Gaudry hat seine gute Meinung vom Dryopithecus aber beträchtlich geändert, seit 1889 ein zweiter vollständigerer Unterkiefer desselben A. auf der gleichen Fundstätte ans Licht gebracht und ihm zur Untersuchung übergeben wurde. Er findet nun, daß das Gesicht bei der bedeutenden Länge des Unterkiefers durchaus nicht negerähnlich gewesen sein könne (wie Lartet behauptet hatte), daß das Gebiß ebenso stark hervorragte wie beim Gorilla und sogar stärker als beim Orang-Utan und Schimpansen und also auch des niedrigststehenden Menschen. Von besonderem Interesse sind seine Bemerkungen über die Enge des Raumes, der in diesem Unterkiefer für die Zunge übrigblieb, woran er Schlüsse über die Entwickelung des Sprachvermögens knüpft. Beim Menschen kann sich die Zunge beträchtlich, sowohl nach der Breite als nach der Länge, ausdehnen, weil die gebogenen Unterkiefer zwischen den Backenzahnreihen beträchtlichen Raum lassen, und weil die Kinnwand nicht nur sehr dünn ist, sondern sich unten nach vorn vorstreckt, wo sie den für den Menschen so charakteristischen Kinnhöcker bildet. Dadurch erhält die Zunge nach beiden Seiten wie nach vorn einen sehr freien Spielraum, namentlich wenn sie sich nach unten krümmt, was mit der hohen Ausbildung des Sprachvermögens bei höhern Rassen zusammenzuhängen scheint, denn bei tiefer stehenden Menschenrassen bemerkt man, daß sowohl der Raum zwischen den hintern Backenzähnen etwas weniger breit ist, als auch das Kinn weniger Raum gewährt, wenngleich der Unterschied nicht bedeutend ist.
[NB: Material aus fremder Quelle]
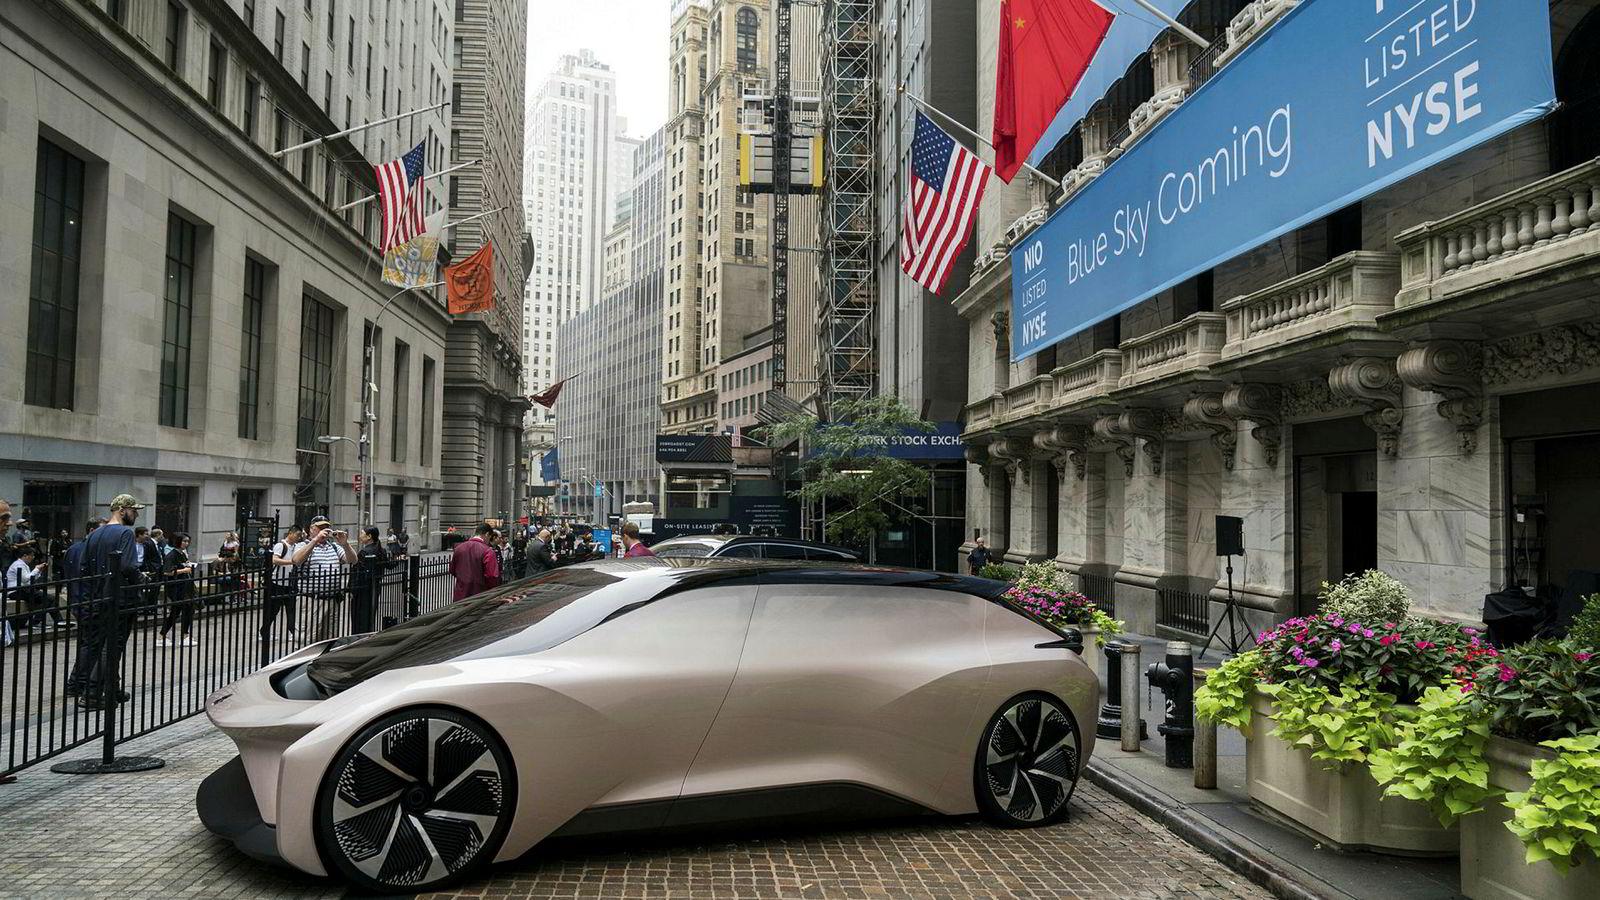 Den kinesiske elbilprodusenten Nio klarte ikke å hente inn 15 milliarder kroner under emisjonen før børsnoteringen i USA. Nye modeller skal konkurrere direkte med Tesla i Kina og fremvoksende markeder.

Beim Schimpansen ist das Kinn im untern Teile nach hinten (statt nach vorn, wie beim Menschen) geneigt und die Backenzahnreihen sind parallel, statt nach außen gebogen zu sein, so daß der Zunge weniger Raum bleibt, sich nach vorn zu verlängern und hinten in die Breite zu strecken. Beim Orang-Utan und Gibbon ist der Breitenraum noch beschränkter, und beim Gorilla kommt eine bedeutende Verdickung der Kinnwandung hinzu, um den Längsraum weiter zu verkürzen. Nun liegen diese Verhältnisse beim Dryopithecus noch ungünstiger als selbst beim Gorilla, [6] denn der Raum zwischen den Unterkieferästen ist ebenso eng wie bei diesem, die Kinnwand aber noch dicker und nach hinten stark geneigt, so daß sich der Befund sogar dem bei nichtanthropoiden A. nähert. Da nun das Sprachvermögen und die Vorbereitung der Organe zu demselben als das wichtigste Merkmal der Erhebung des Menschen über das Tier angesehen werden müssen, so muß man nach Gaudry zugeben, daß in diesem Punkte der höchststehende unter den fossilen Anthropoiden weiter vom Menschen entfernt steht als die heute lebenden Anthropoiden, Ergebnisse, die sich freilich nur schwer mit den Folgerungen der frühern Untersuchung an derselben Tierart vereinigen lassen. Es wird dies dadurch erklärt, daß der Lartetsche Kiefer einem jungen Individuum angehört habe, bei dem der Prognathismus noch nicht so entwickelt war wie bei dem jetzt gefundenen vollentwickelten, und es ist bekannt, daß auch die jetzt lebenden Anthropoiden in der Jugend viel menschenähnlicher sind als im Alter. Daraus hätte man aber schließen müssen, daß dies für die ausgestorbenen Anthropoiden überhaupt anzunehmen sei, nicht bloß für ihre Jugend, und es ergibt sich hier ein noch ungelöster Widerspruch mit der Theorie, der sich zum Teil dadurch löst, daß die ältern Menschenrassen ebenfalls ein wenig vorragendes Kinn zeigen.